Overall, this is a well-written manuscript with rigorous methodology and data analyses. However, there are several points described above needs to be clarified. In addition, I have some minor comments below which should help to improve the manuscript:

-           The title “Impact of BMAL1 Deletion in Skeletal Muscle on the Kidney 2 in Mice” should be changed and reflect the absence in BMAL1 -dependent skeletal muscle- kidney cross talk.

-           If possible, please include blood electrolytes for the potassium depletion experiment.

-           Figure 4 C, y-axes should be adjusted similarly to Figure 5A  

Author Response

We thank the reviewer and Editors for their helpful comments. Below we respond to each issue raised during the review. 

• Related to the urinary potassium data and the connection between skeletal muscle and kidney during potassium depletion, the reviewer noted "The authors need to discuss this point better and include these results in the abstract."
• Response: Thank you for this helpful comment, which prompted us to dig a little deeper into the literature. We came across what is now Ref 31, a paper by McFarlin et al., on the topic of coordinate adaptations of skeletal muscle and kidney during dietary potassium depletion. We added the urinary potassium data to the abstract and we have added a new paragraph to the discussion to note that the lack of serum potassium data is a limitation of this work.

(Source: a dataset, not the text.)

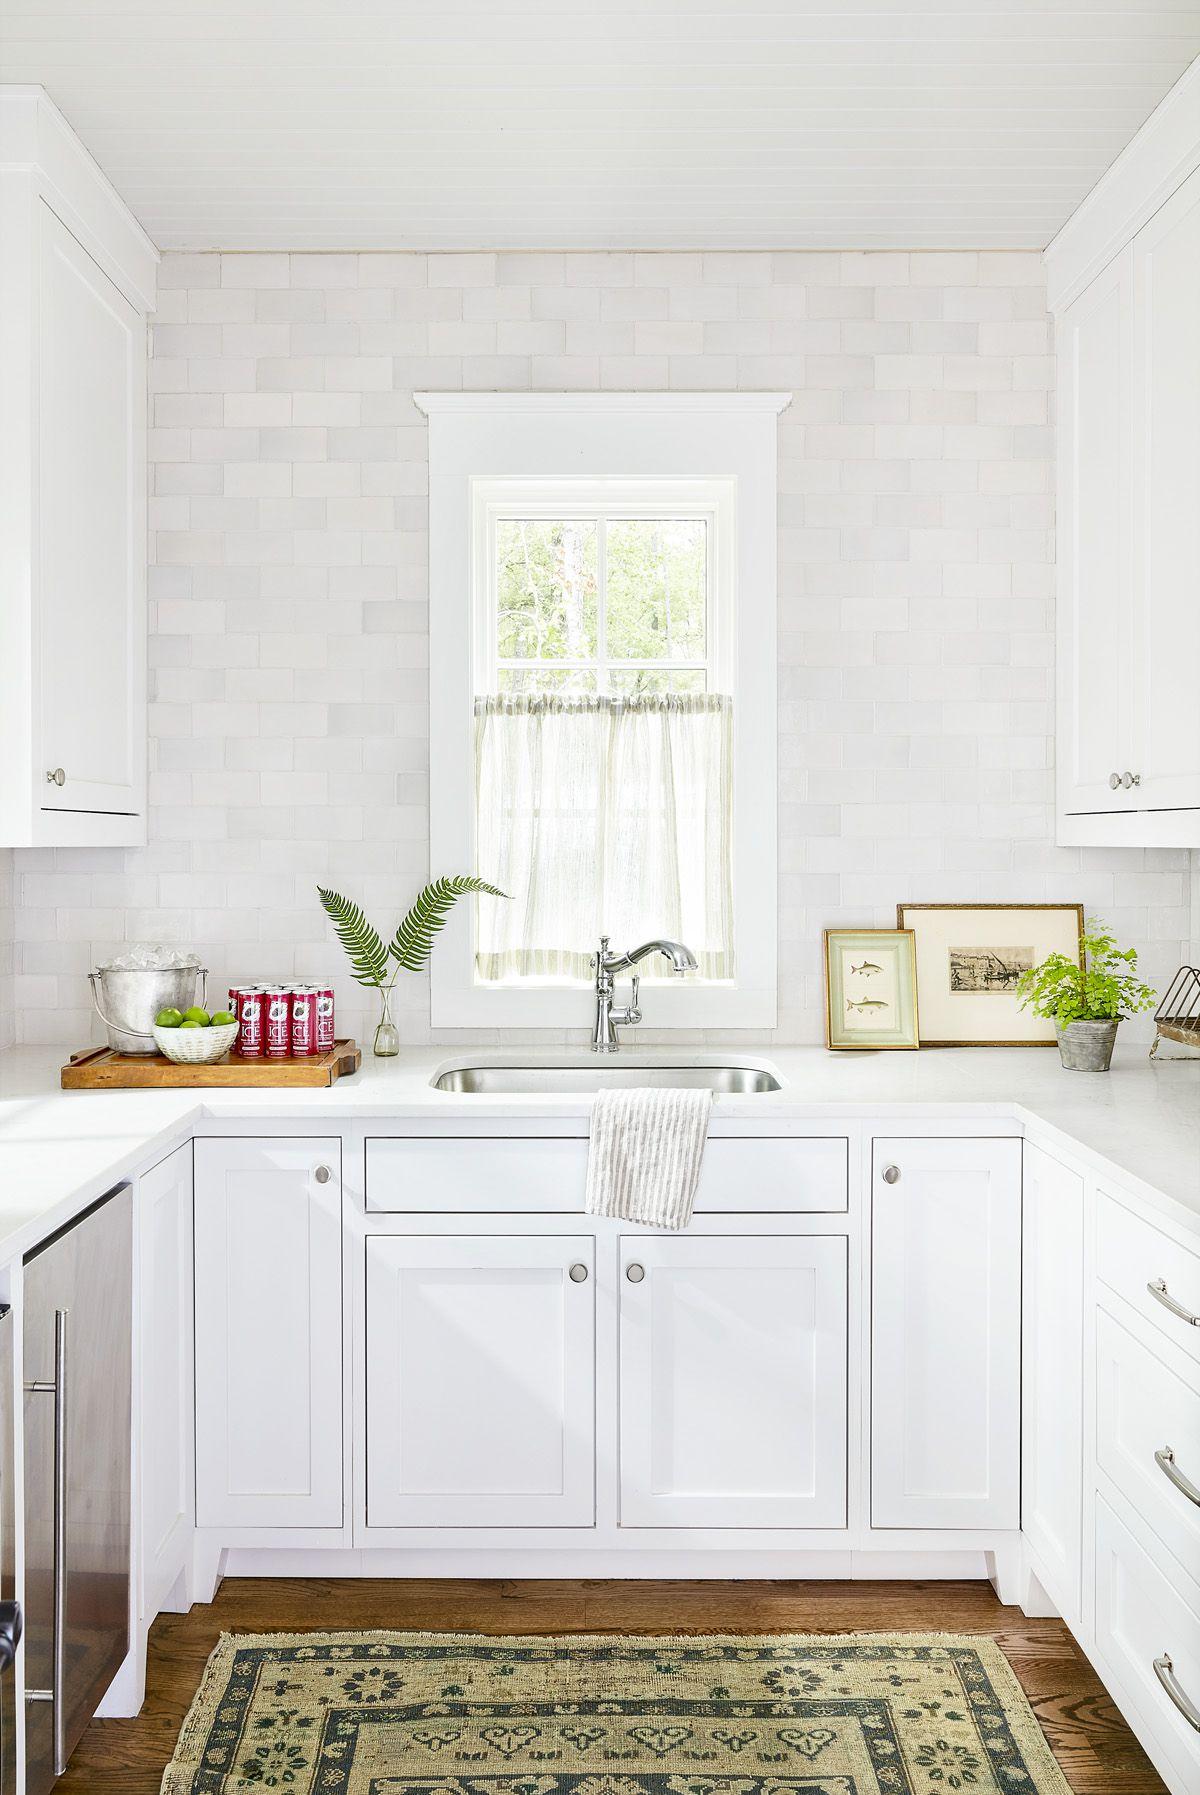 White kitchens 24 best white kitchens - pictures of white kitchen design ideas MGIWGDQ

We also cited the McFarlin data to highlight the important connection between skeletal muscle and kidney for potassium balance. 

•           The title “Impact of BMAL1 Deletion in Skeletal Muscle on the Kidney 2 in Mice” should be changed and reflect the absence in BMAL1 -dependent skeletal muscle- kidney cross talk.
• Response: The title has been changed to "Apparent Absence of BMAL1-Dependent Skeletal Muscle-Kidney Cross Talk in Mice."
•           If possible, please include blood electrolytes for the potassium depletion experiment.
• We regret that we are unable to provide these data. Following the low K experiment, the mice were transferred back to our collaborator, Dr. Esser. Due to the time at which the animals were later euthanized, it was not possible to collect blood. 
•           Figure 4 C, y-axes should be adjusted similarly to Figure 5A  
• Response: Thank you for this comment, this change has been made.